Start of Input data
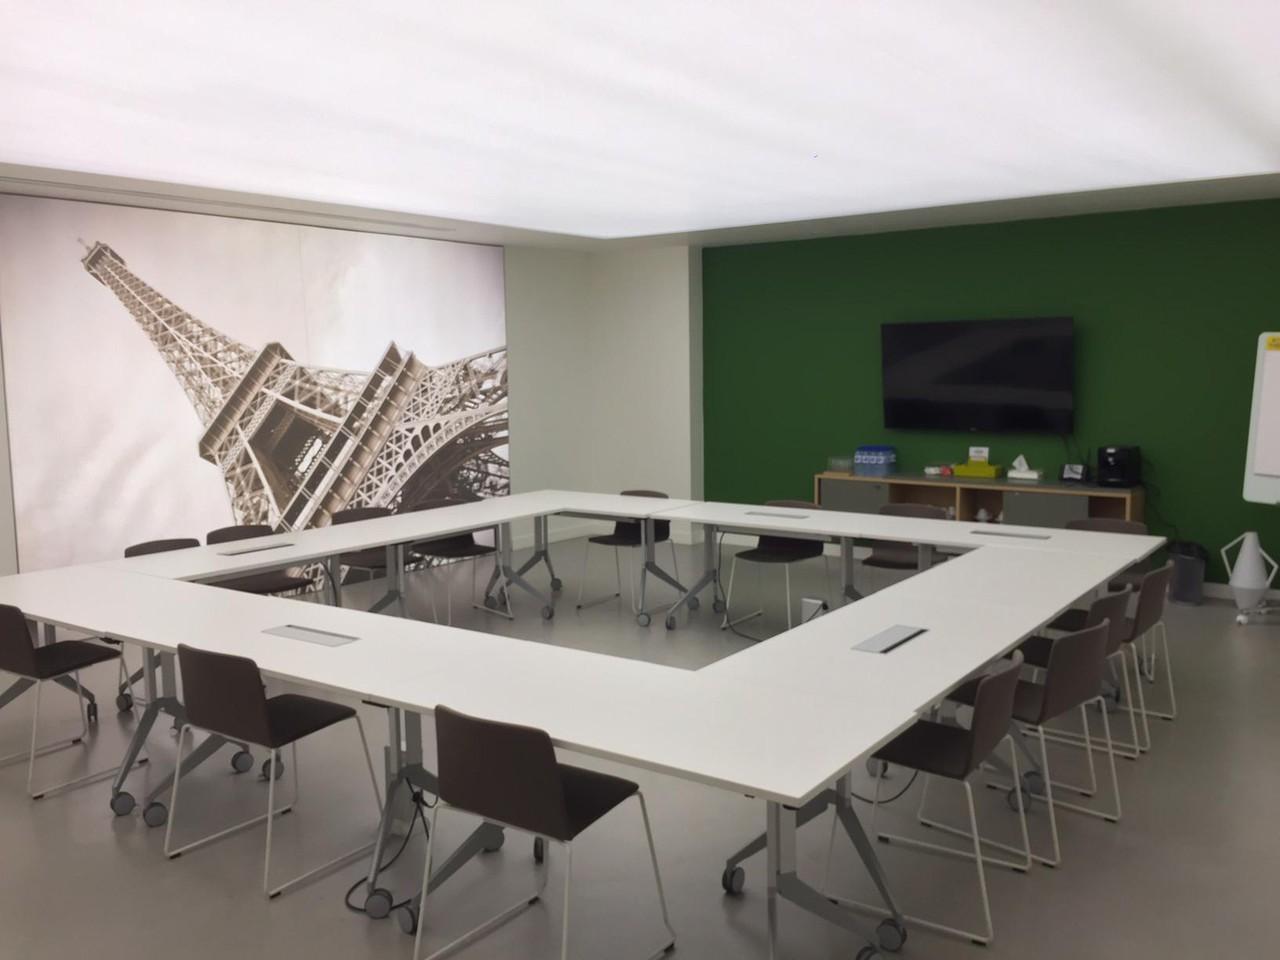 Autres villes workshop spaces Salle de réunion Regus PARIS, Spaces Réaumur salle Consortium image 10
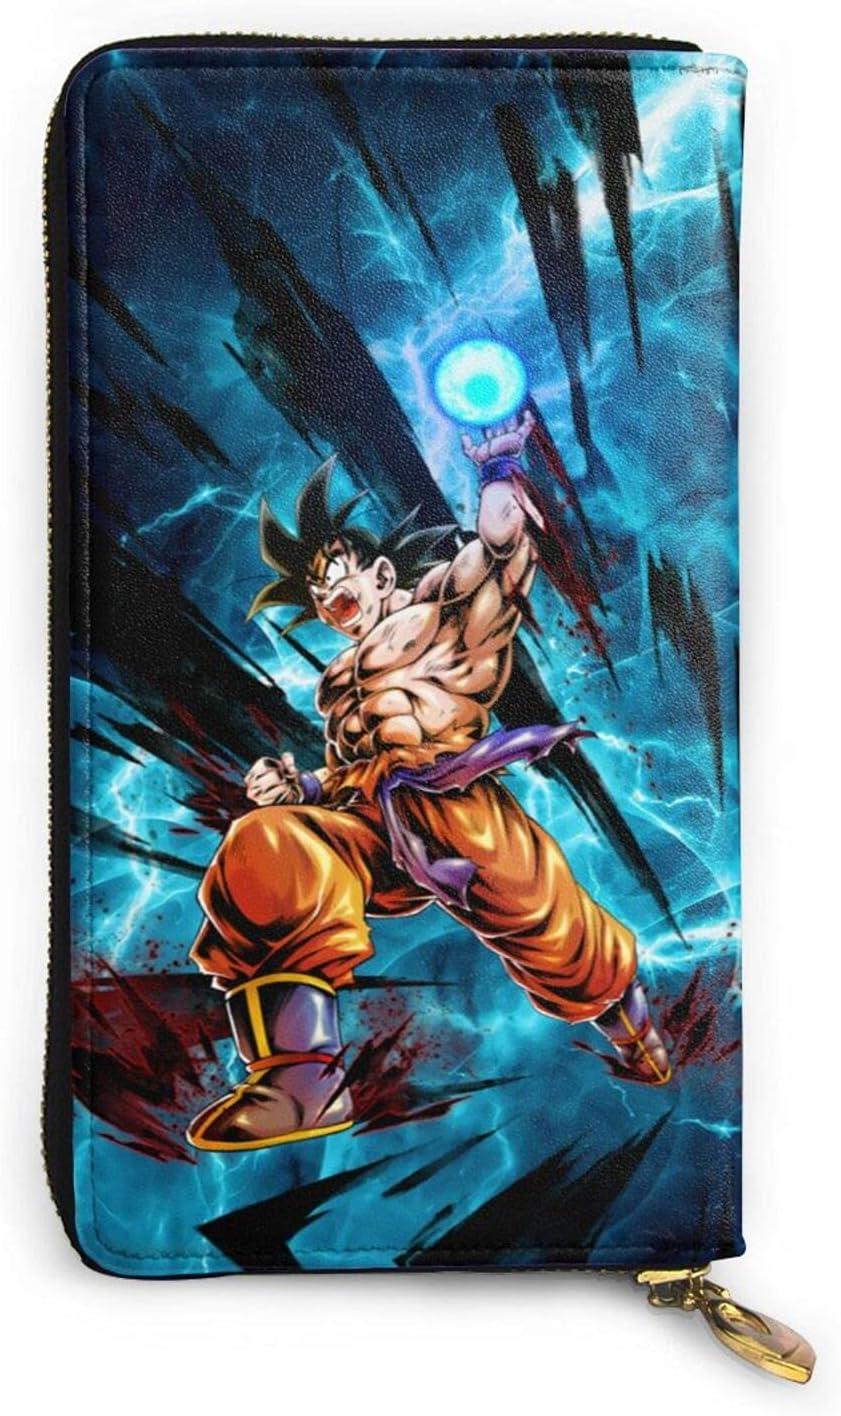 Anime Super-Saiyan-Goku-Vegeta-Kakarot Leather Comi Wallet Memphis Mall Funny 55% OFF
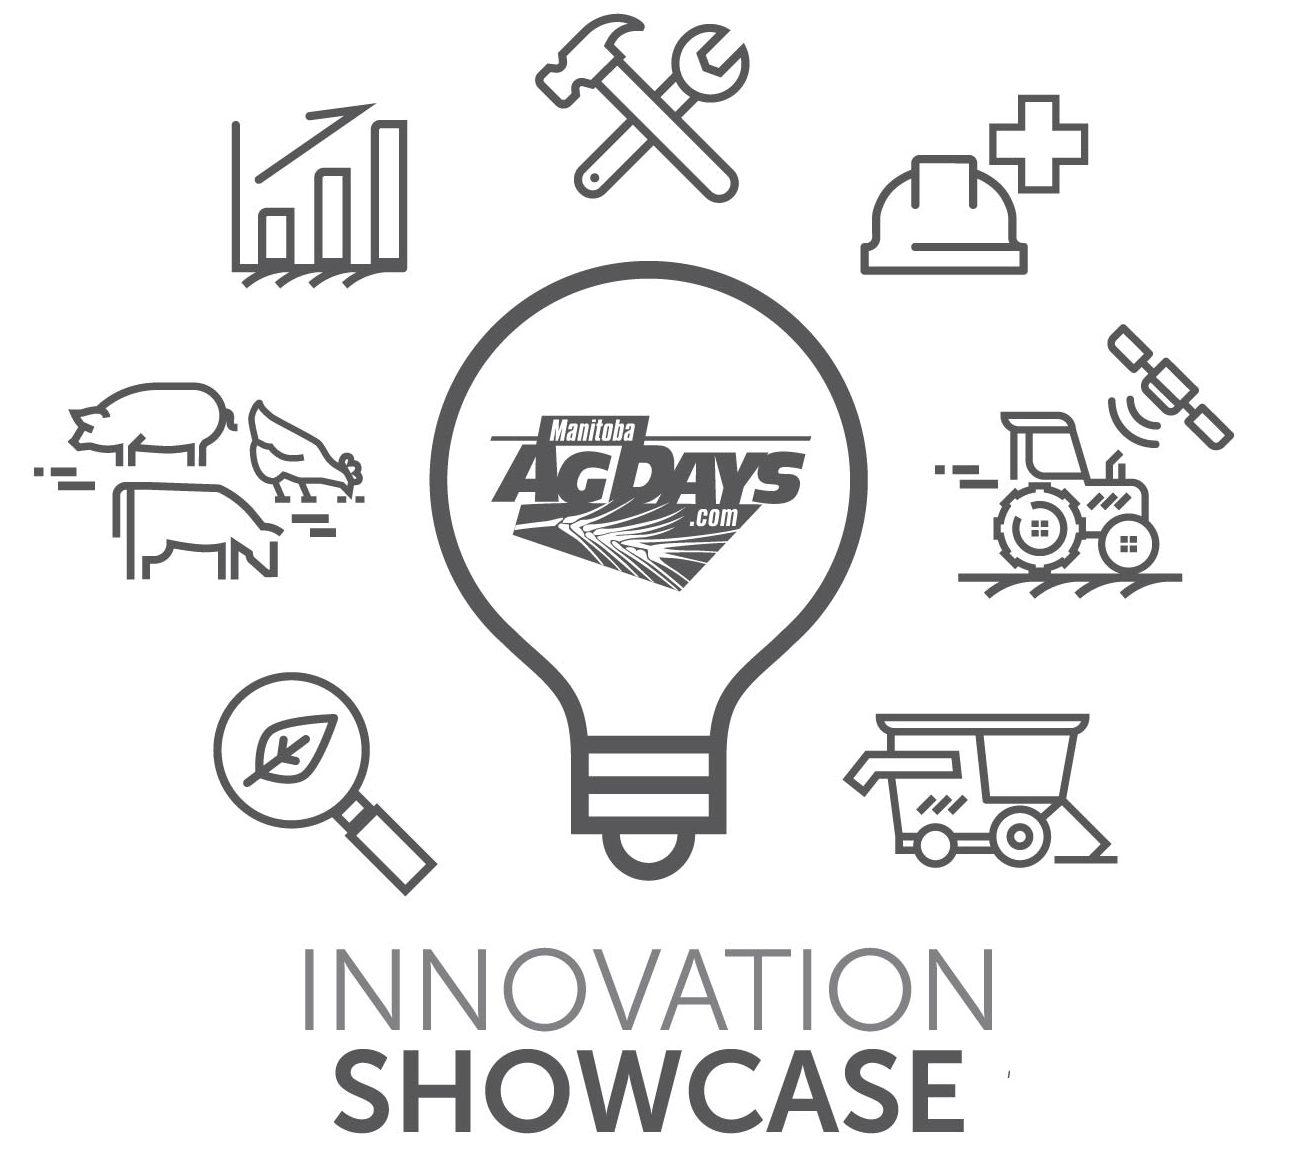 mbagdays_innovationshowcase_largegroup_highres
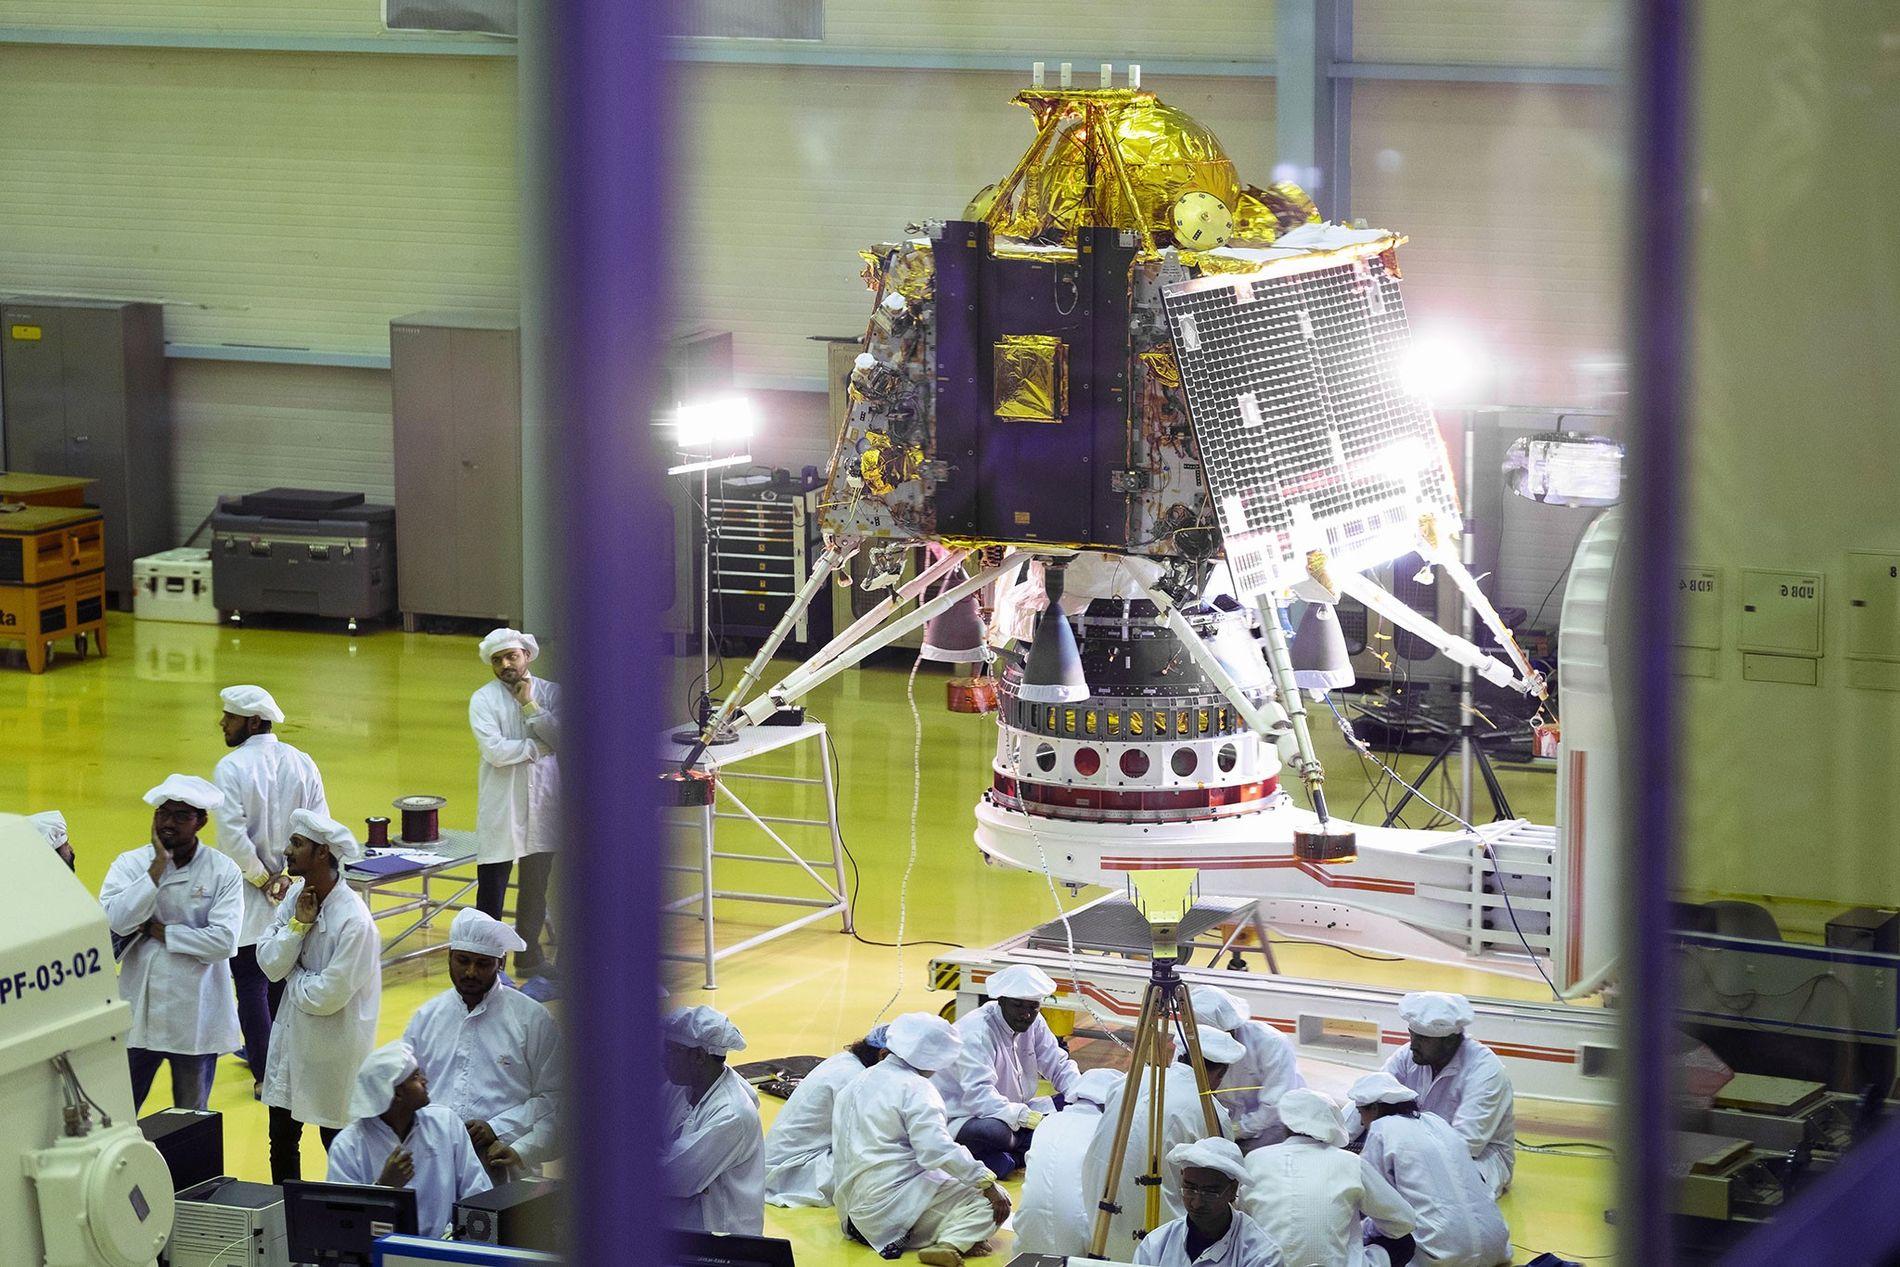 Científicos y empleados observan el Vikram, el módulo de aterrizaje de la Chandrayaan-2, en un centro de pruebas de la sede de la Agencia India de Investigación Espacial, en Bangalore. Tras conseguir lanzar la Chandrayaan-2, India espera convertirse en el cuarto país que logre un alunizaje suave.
End of Input data
*Task details*. Your reply should consist solely of the lines above, from the opening line through the line with "mbagdays_innovationshowcase_largegroup_highres", reproduced exactly and without pictures.

*Result*.
 Autres villes workshop spaces Salle de réunion Regus PARIS, Spaces Réaumur salle Consortium image 10
 Anime Super-Saiyan-Goku-Vegeta-Kakarot Leather Comi Wallet Memphis Mall Funny 55% OFF
 mbagdays_innovationshowcase_largegroup_highres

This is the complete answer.